In Apache Kafka®, a topic serves as a unique channel for discussions. Producers send messages to the topic while consumers read those messages. For instance, in a topic named soccer, you can read what others say about soccer (acting as a consumer) or post messages about soccer (acting as a producer).

Topic partitions

The storage of messages for an Apache Kafka® topic can be spread across one or more topic partitions. For instance, in a topic that has 100 messages and is set up to have 5 partitions, 20 messages would be assigned to each partition.

Consumer groups

Apache Kafka® allows multiple consumers to read messages from a Kafka topic. This improves the message consumption rate and overall performance. Organizing consumers into consumer groups identified by a group ID is common practice. Consumer groups consume messages from a topic with messages spread across multiple partitions. Apache Kafka ensures that each message is consumed by only one consumer, which is essential for certain classes of business applications.

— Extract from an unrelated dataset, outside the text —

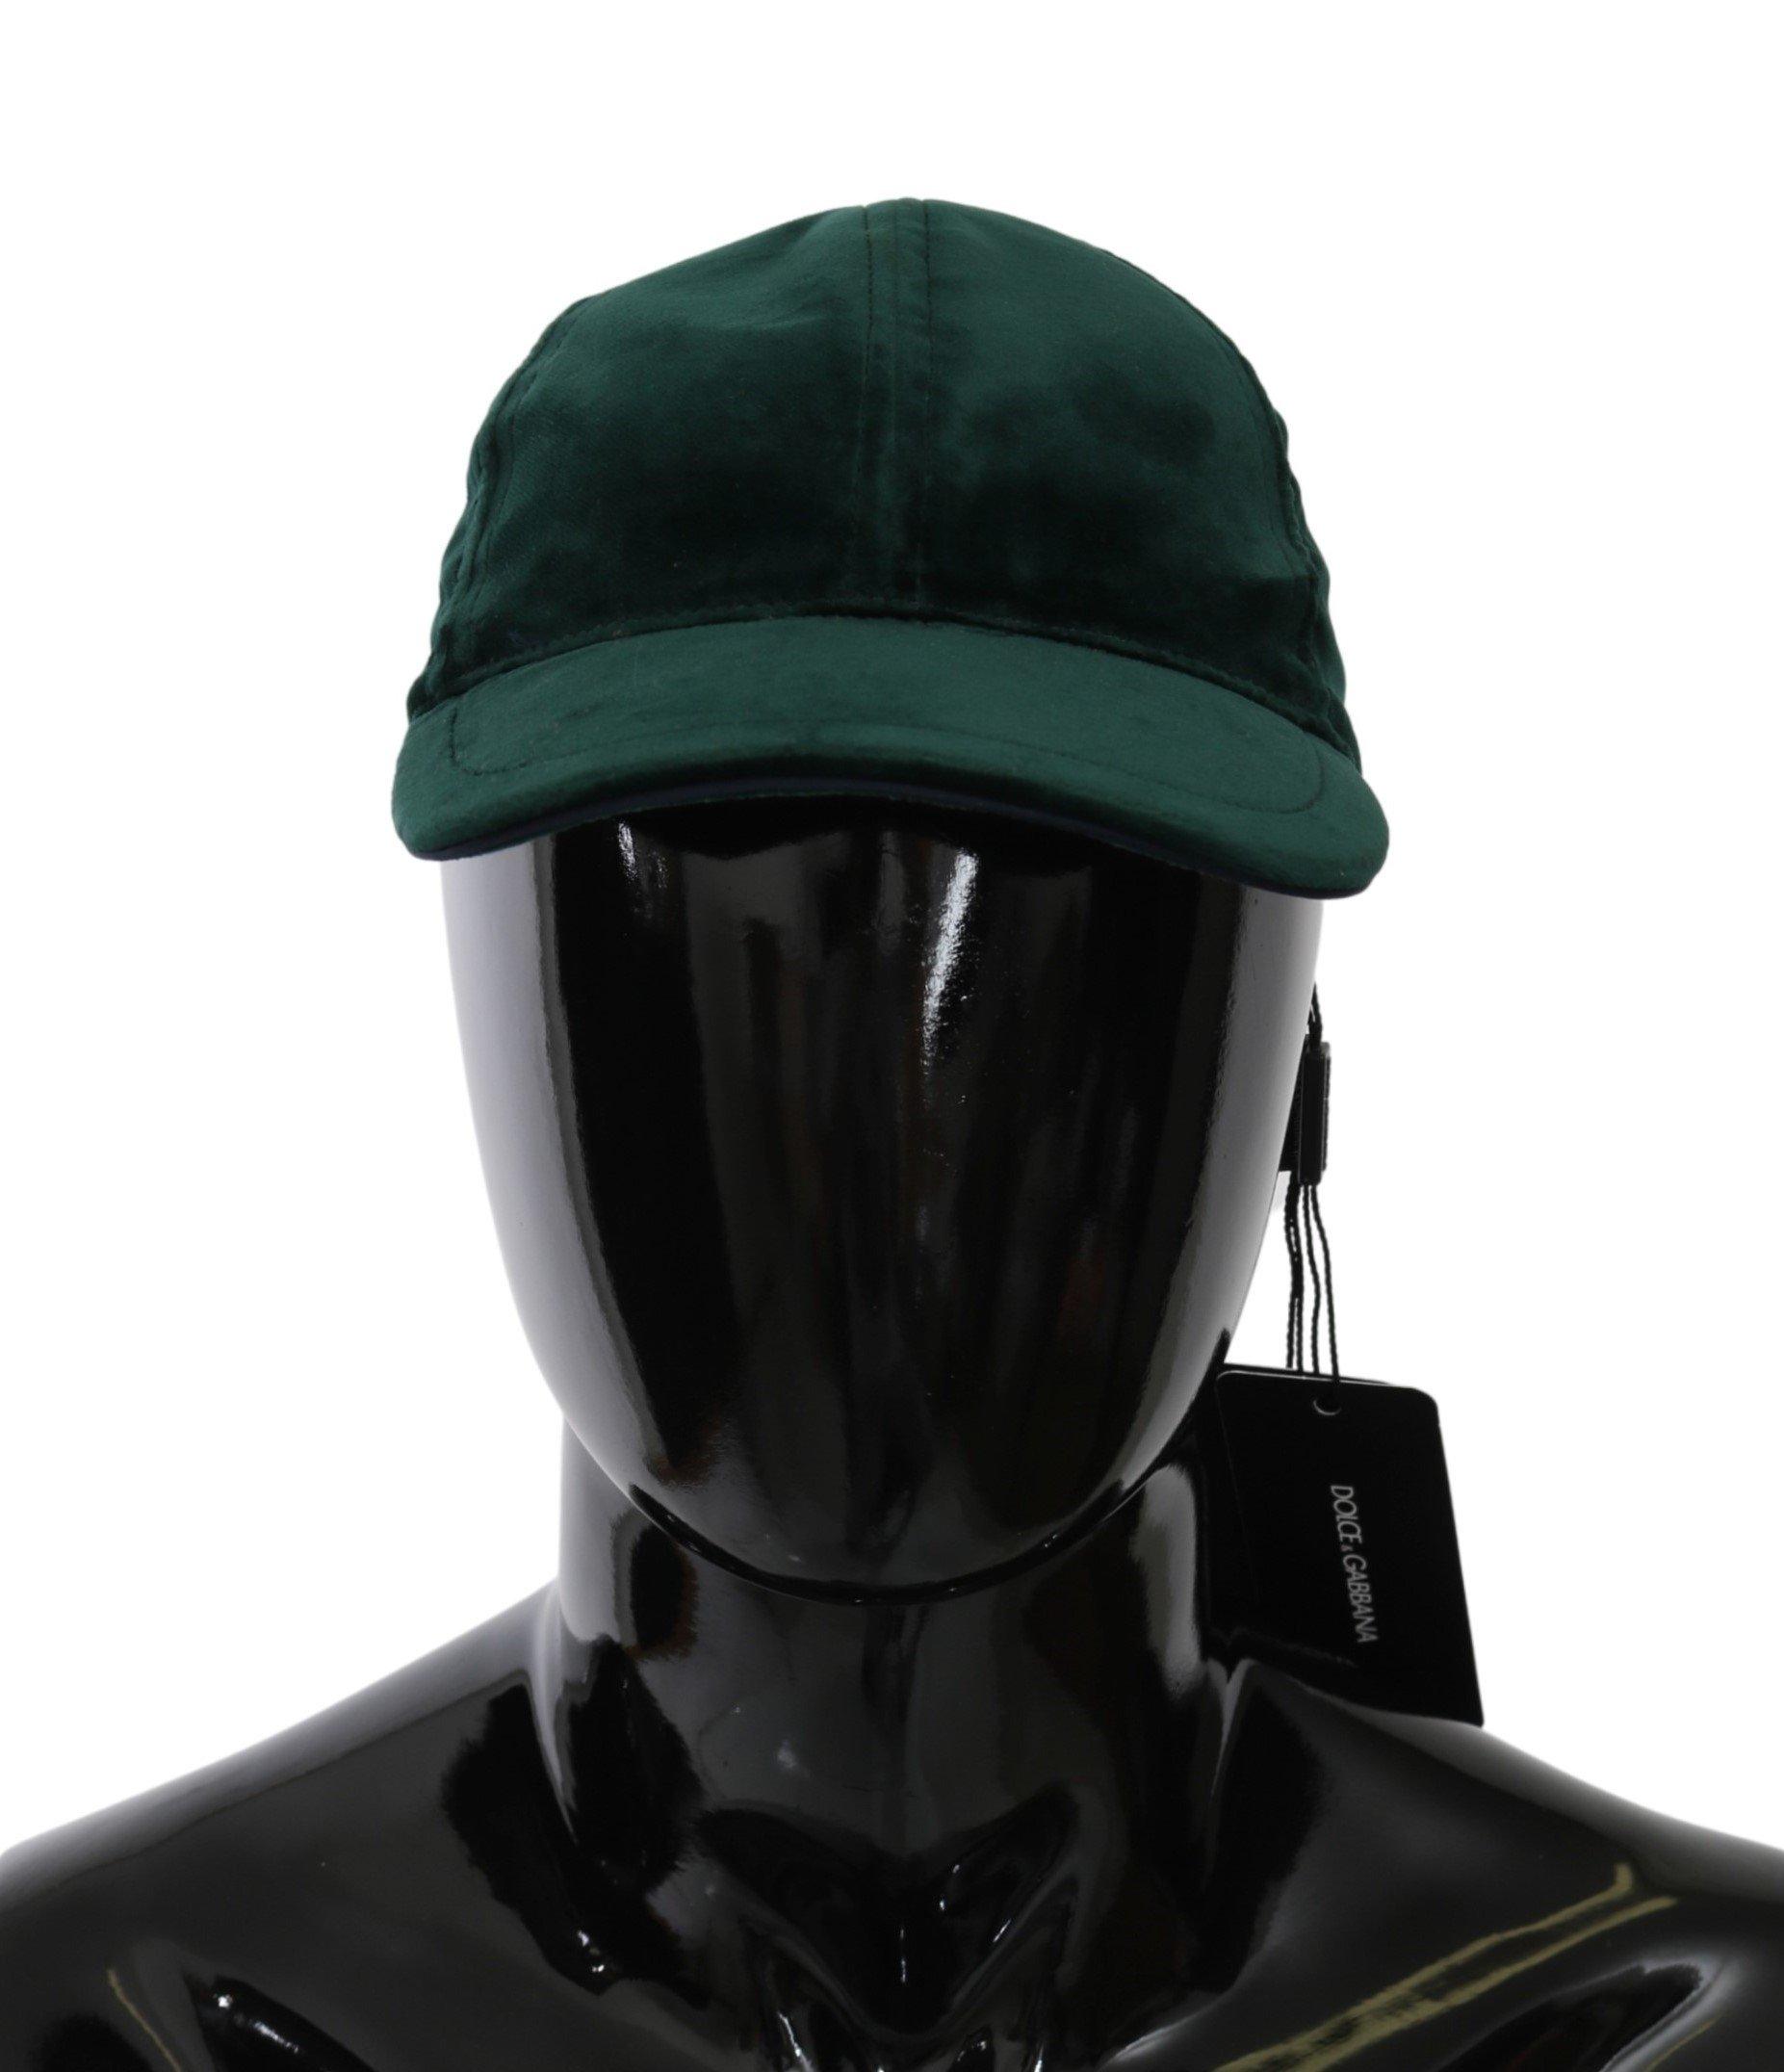 Dolce & Gabbana Men's Suede Baseball Cap Green HAT20071 - 57 cm|S

For example, with a topic having 100 messages across five partitions and five consumers in a consumer group, each consumer will be allocated a distinct partition, consuming 20 messages each.

If the number of consumers exceeds the number of partitions, extra consumers remain idle until an active consumer exits. Also, a consumer cannot read from a partition not assigned to it.

Consumer group telemetry

Aiven for Apache Kafka provides built-in consumer group graphs that offer valuable telemetry to monitor and manage consumer groups effectively.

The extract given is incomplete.